River Irvine

Ayrshire’s second largest river rises above Loudoun Hill on the boundary of East Ayrshire and Lanarkshire.

The Irvine flows for 42km westwards to Irvine Bay on the Firth of Clyde.

It shares an extensive estuary with the River Garnock. This is the only significant estuary in Ayrshire, providing excellent bird habitat.

Principal land uses in the catchment area are agriculture, forestry, and urban development, the largest settlements being Irvine, Kilmarnock, Irvine, Stewarton, Galston, Newmilns and Darvel. The river has been highly modified, particularly where it flows through urban areas, with many weirs, culverts and retaining walls. There is a large flood prevention scheme in development between Hurlford and Galston.

Fishery management is undertaken by the River Irvine Angling Improvement Association and the many active angling clubs.


River Irvine Catchment Map highlighting main tributaries.

Support us!

Every small donation helps! Payment by credit/debit card is quick and easy.

Key Features


  • Medium-sized river with catchment of >380km2. Second largest catchment of Ayrshire rivers
  • Rises above Loudoun Hill where it is known as the “Wee Irvine”
  • Headwater’s of the Craufurdland Water have been impounded for water supply reservoirs. There is a compensation flow of 1.7Ml/day
  • High human population density equivalent to 295 people/km2 within the catchment
  • There have been a number of fish kills on the Irvine in recent years with the most recent occurring in November 2006, upstream of Priestland

Catchment Characteristics

  • Major tributaries are the Glen Water, Glenoul Water, Cessnock, Fenwick and Craufurdland Water, Kilmarnock Water, Carmel Water and Annick Water
  • River is extensively urbanised where it flows through settlements of Darvel, Newmilns, Galston, Hurlford, Kilmarnock and Irvine
  • Annick Water is the largest tributary with a catchment area of 91km2

Industrial Past

  • No major sewage treatment works as all sewage is pumped to the coast for treatment
  • Water quality in many reaches of the main river and tributaries suffer from the impacts of diffuse pollution, primarily from agricultural land use. 62% of catchment land use is improved grassland
  • Irvine is recovering from it’s past history as an industrial river, although a legacy of many weirs remain, some of which are serious obstacles to migratory fish


  • Salmon and sea trout are prevented from accessing the Fenwick and Craufurdland waters due to instream modifications at the Black Rocks Waterfall in Kilmarnock
  • Common fish species present include salmon, trout, eels, stone loach, minnows, sticklebacks, lampreys. There is a population of Gudgeon in the lower river, which is unique within Ayrshire
  • Grayling population, which were introduced in the 1850s is thought to have died out
  • The Irvine’s population of freshwater pearl mussels is thought to have died out

River Irvine Gallery

Monitoring and Science on the River Irvine

Data is collected to allow evidence based management and restoration


Comprehensive electrofishing surveys on behalf of the River Irvine Angling Improvement Association completed in 2003 and 2005 to investigate fish populations throughout the catchment.

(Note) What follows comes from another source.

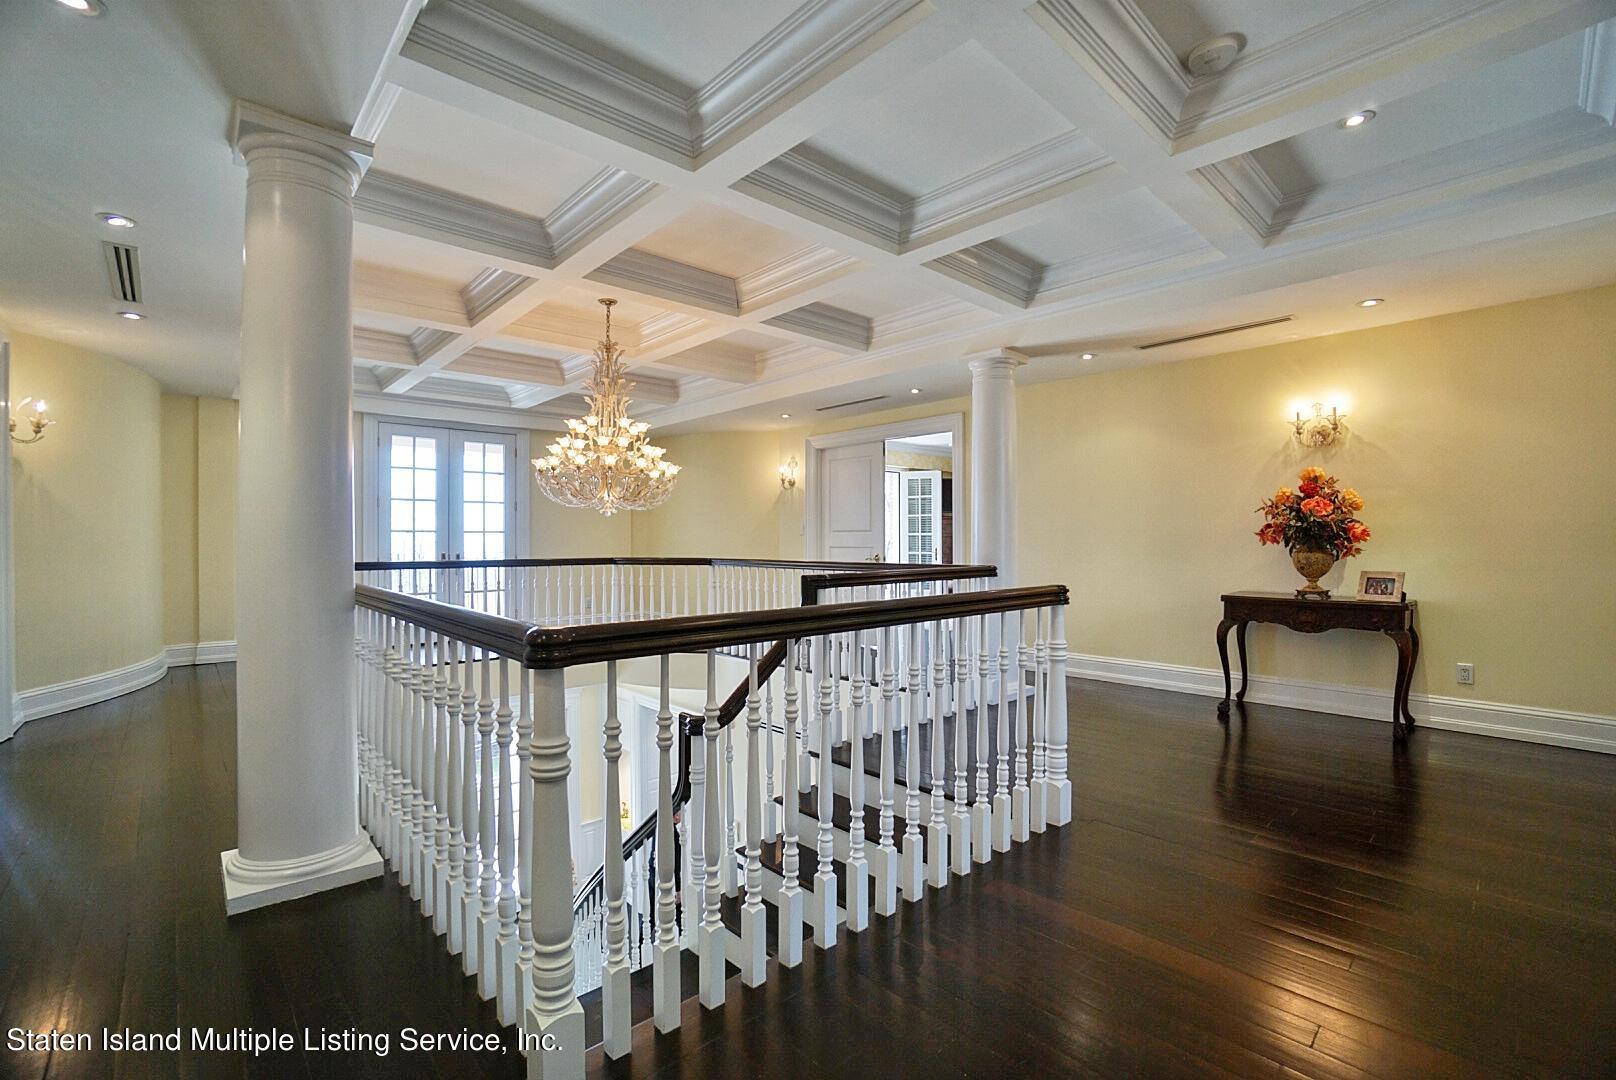 Single Family - Detached 129 Coverly Avenue   Staten Island, NY 10301, MLS-1144490-33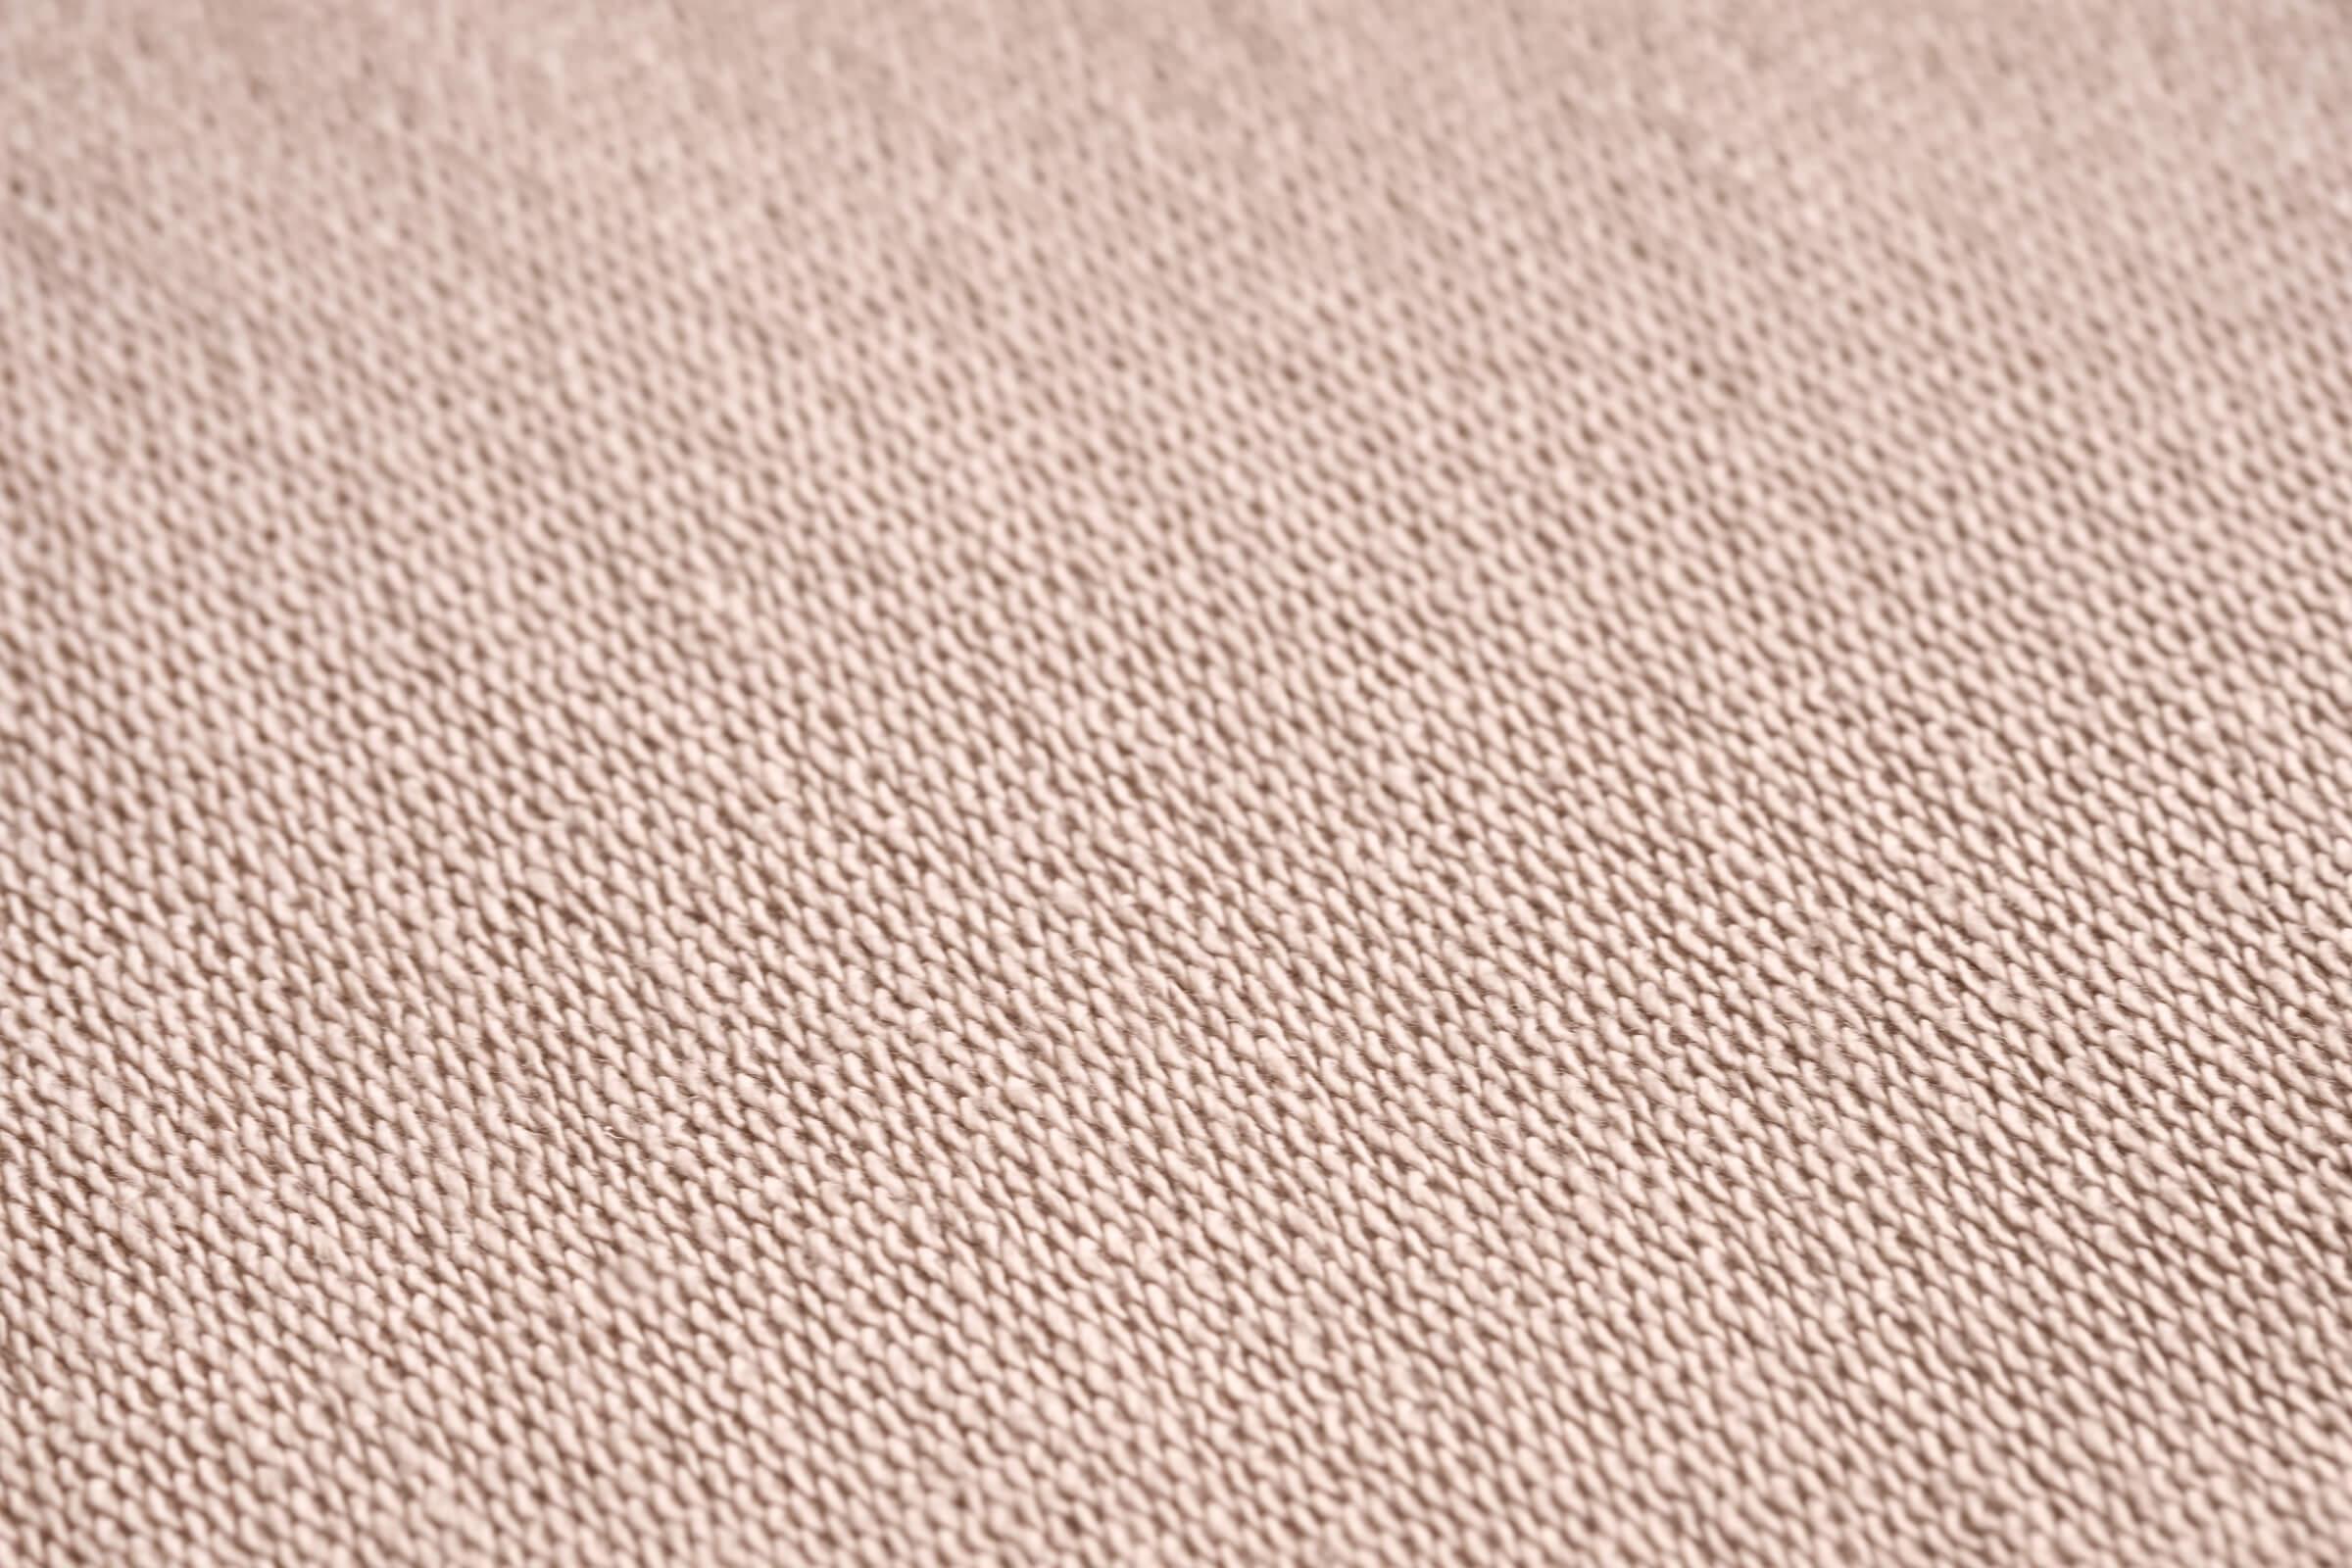 Basiclo knitwear

We have a large database which may be available upon request for those requiring information.


Phase One Salmonid Habitat survey of the Irvine main stem and some of the tributaries published in 2003. The survey found that good juvenile salmonid habitat was limited in the lower main stem due to low gradient and human influences such as canalisation. Habitat degradation was also an issue in some parts of the upper reaches, primarily from livestock farming. The significance of the many weirs in the catchment was also highlighted.

Invertebrate Sampling


Invertebrates respond to long term changes in water quality therefore they can be used to determine pollution problems. ART provide various levels of assessment both commercially and for our own use.

Invertebrate sampling offers opportunities for citizen science.

Invasive Species Management


Over many years, ART have undertaken scientific habitat assessment to determine distribution and impacts with invasive species. Invasive weeds can have an impact on habitat and water quality. Through strategic management and control we continue to address issues created by these species. 


Fish Rescues


Fish rescues and follow up monitoring conducted in 2012 & 2013 due to the need for essential maintenance on the storm water overflow system running along the banks of the Kilmarnock Water


Atlantic Salmon Pressures Tool


ART contributed to the development of Fishery Management Scotland’s Atlantic Salmon Pressures Tool. This involved looking at all pressures affecting the species across Ayrshire. The FMS Pressures tool is an interactive mapping platform that will be  available to local river managers to inform and target management actions and to provide important evidence for policy development at national level. This tool will align very well with the forthcoming Fishery Management Plans that the Trust are currently developing for FMS.